Tuesday, December 9, 2008

Is this our future? - TheAge

Paul Austin
...It was in May 2006, that Brumby's predecessor, Steve Bracks, announced as part of his grand transport plan that $5 million would be spent commissioning an "east-west needs assessment" by international transport guru Sir Rod Eddington.

Sir Rod's brief was to advise on new transport connections between the Western Ring Road and the Eastern Freeway. The headline recommendation in his report, released in April this year, was a road tunnel from the west to the Eastern Freeway. That tunnel came to symbolise in the public mind what the Eddington Report was all about.

Yesterday's plan was the Government's response to Eddington (and a lot more besides). But guess what? The most compelling part of Eddington is not even in Brumby's plan, which we are assured is a blueprint for the state through to 2021.

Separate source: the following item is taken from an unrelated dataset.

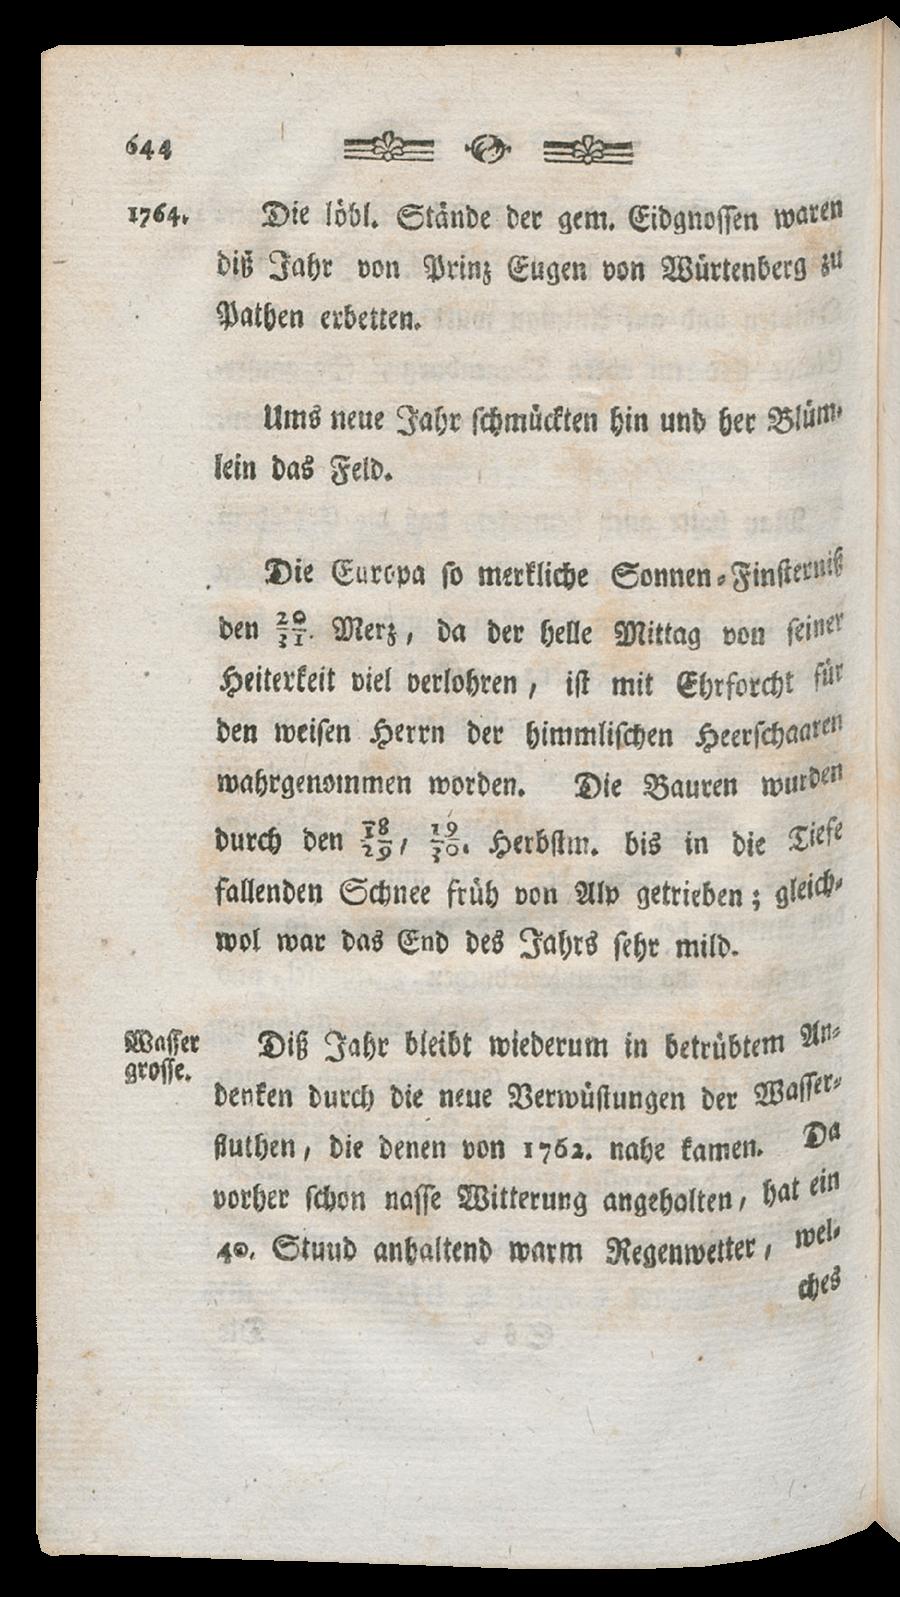 1764_1774_TrÅmpi_Glarner-Chronick_644-646-1

Cabinet has determined that all the other plans and projects listed in the Brumby plan are more important than Eddington's tunnel.

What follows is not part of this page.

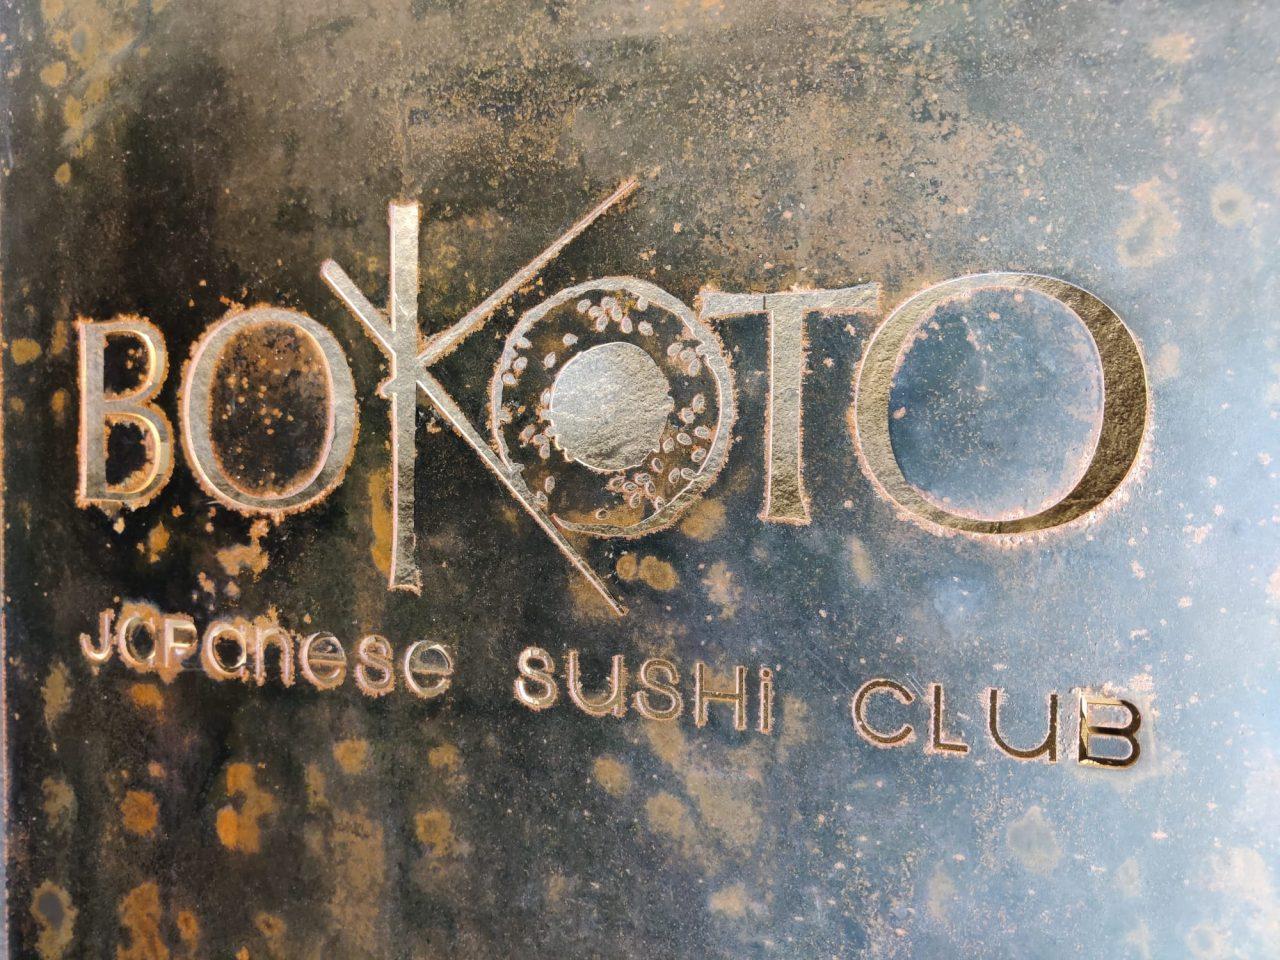 Bokoto-restaurant-japonès-1280x960.jpg

The Brumby plan makes considerable sense as a staged "closing the gap" exercise, particularly on the road network. So the roadblock at the end of EastLink is dealt with via a ring road around Frankston to Mount Martha. There will be a new road tunnel under the Maribyrnong, a "competitor" to the West Gate Bridge. Provision is made for an outer metropolitan ring road (starting at Avalon Airport and going around to the Hume Highway). And there is a commitment to build the "missing link" in the metropolitan ring road, to join the Eastern.

But a direct east-west road connection becomes the new "missing link". Brumby's message to those long-suffering commuters coming in on the Eastern is that his plan will do more for them than the Eddington tunnel ever would. It's an argument sure to test their patience.

The premier points out that the Eddington recommendation was for a tunnel with no off-ramps into central Melbourne. Brumby says, the "bulk" of the people queueing up at the end of the Eastern each morning are not trying to drive through to the west, but rather are edging towards the left lanes to turn south into Hoddle Street.

There's the next bottleneck. So guess what? Brumby announced yesterday as part of his grand transport plan that $5 million would be spent commissioning a north-south needs assessment, to advise on ways to free-up traffic flows down Hoddle Street, probably involving tunnels or fly-overs. And so the cycle continues, as successive governments try to keep up with the transport needs of a rapidly growing city. It is an endless work-in-progress...

Read the whole article at TheAge.com.au

Quite an obvious take on the VTP - that a LOT of it is asterisked that it is dependent upon Commonwealth funding. Even so, it is still concerning the amount of pro-East West Link car tunnel rhetoric that is still out there.